** Exercise **
Scan the listing for "klokkerbøker" and copy out each line that has it.

** Data in this exercise **
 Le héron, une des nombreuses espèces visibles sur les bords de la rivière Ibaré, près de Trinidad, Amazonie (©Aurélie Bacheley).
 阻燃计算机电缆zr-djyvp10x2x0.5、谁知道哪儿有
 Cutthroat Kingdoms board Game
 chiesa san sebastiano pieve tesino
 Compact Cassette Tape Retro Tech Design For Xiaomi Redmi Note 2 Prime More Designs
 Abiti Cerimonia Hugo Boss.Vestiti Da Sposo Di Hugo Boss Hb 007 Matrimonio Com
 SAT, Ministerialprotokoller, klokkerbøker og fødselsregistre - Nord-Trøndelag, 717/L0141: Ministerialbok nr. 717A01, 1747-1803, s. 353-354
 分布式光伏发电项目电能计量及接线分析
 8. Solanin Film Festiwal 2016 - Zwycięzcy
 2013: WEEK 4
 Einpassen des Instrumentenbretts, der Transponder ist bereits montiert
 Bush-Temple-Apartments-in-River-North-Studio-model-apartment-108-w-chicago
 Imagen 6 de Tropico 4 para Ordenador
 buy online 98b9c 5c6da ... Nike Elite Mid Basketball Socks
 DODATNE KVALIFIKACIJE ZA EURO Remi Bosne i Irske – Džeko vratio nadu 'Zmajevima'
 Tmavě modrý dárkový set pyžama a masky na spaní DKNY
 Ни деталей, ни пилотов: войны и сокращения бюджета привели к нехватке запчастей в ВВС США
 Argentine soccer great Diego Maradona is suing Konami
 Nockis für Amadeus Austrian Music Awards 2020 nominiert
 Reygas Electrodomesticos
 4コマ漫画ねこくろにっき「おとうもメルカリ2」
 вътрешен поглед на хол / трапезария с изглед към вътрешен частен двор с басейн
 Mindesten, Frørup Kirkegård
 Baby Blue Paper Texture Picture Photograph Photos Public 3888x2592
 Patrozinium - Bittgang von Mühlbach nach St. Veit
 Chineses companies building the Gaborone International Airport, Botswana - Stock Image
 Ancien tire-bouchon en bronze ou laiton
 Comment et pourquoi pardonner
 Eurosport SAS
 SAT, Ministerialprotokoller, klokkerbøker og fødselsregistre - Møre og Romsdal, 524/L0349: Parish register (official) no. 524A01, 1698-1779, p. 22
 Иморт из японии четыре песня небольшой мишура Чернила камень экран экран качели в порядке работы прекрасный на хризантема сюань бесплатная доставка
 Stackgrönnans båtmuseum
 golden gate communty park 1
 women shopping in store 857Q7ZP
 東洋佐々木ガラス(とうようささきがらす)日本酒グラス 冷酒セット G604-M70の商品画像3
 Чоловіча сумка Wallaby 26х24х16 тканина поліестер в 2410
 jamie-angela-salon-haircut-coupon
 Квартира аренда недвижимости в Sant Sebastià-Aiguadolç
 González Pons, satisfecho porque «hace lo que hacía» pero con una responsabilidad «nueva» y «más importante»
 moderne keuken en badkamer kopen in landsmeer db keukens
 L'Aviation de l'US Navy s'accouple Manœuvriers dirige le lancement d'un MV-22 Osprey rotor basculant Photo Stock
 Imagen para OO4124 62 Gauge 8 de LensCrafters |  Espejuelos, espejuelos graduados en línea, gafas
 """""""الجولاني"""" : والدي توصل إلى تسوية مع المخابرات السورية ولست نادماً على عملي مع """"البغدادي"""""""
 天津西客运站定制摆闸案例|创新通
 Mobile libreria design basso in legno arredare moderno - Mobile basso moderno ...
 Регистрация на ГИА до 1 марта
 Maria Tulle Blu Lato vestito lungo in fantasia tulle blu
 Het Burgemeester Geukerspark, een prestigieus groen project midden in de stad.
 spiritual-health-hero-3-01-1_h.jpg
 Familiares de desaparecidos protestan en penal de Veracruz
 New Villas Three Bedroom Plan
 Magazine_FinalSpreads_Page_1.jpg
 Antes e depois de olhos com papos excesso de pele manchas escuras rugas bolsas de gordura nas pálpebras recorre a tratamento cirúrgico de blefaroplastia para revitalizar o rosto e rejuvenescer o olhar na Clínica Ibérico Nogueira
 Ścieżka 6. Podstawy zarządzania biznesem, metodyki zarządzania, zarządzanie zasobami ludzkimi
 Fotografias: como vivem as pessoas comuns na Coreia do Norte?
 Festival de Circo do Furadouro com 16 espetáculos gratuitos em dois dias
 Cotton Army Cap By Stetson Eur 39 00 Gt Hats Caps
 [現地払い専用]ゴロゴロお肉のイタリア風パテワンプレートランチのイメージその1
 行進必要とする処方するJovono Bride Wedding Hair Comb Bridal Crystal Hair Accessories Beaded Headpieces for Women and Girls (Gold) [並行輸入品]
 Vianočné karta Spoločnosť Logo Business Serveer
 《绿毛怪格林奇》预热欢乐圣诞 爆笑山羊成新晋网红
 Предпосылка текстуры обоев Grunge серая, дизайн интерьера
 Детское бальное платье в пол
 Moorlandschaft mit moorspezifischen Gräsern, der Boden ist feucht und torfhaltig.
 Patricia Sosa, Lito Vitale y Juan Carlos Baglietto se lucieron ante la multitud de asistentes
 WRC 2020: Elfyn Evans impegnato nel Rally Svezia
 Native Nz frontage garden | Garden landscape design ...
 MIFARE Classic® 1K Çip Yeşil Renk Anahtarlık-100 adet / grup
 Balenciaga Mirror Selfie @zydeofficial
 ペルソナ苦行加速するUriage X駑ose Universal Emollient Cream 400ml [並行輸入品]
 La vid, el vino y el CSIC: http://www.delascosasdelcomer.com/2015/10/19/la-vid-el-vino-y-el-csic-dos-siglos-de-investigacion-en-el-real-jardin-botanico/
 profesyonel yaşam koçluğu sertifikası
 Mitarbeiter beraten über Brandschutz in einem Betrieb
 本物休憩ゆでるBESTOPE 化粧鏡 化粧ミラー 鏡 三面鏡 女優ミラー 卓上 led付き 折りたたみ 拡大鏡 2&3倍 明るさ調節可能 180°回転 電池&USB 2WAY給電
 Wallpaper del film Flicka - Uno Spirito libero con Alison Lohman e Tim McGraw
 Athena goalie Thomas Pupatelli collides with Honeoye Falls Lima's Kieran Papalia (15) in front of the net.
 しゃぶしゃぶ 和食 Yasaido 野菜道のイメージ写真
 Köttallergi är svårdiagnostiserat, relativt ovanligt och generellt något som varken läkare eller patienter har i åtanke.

** Exercise solution **
 SAT, Ministerialprotokoller, klokkerbøker og fødselsregistre - Nord-Trøndelag, 717/L0141: Ministerialbok nr. 717A01, 1747-1803, s. 353-354
 SAT, Ministerialprotokoller, klokkerbøker og fødselsregistre - Møre og Romsdal, 524/L0349: Parish register (official) no. 524A01, 1698-1779, p. 22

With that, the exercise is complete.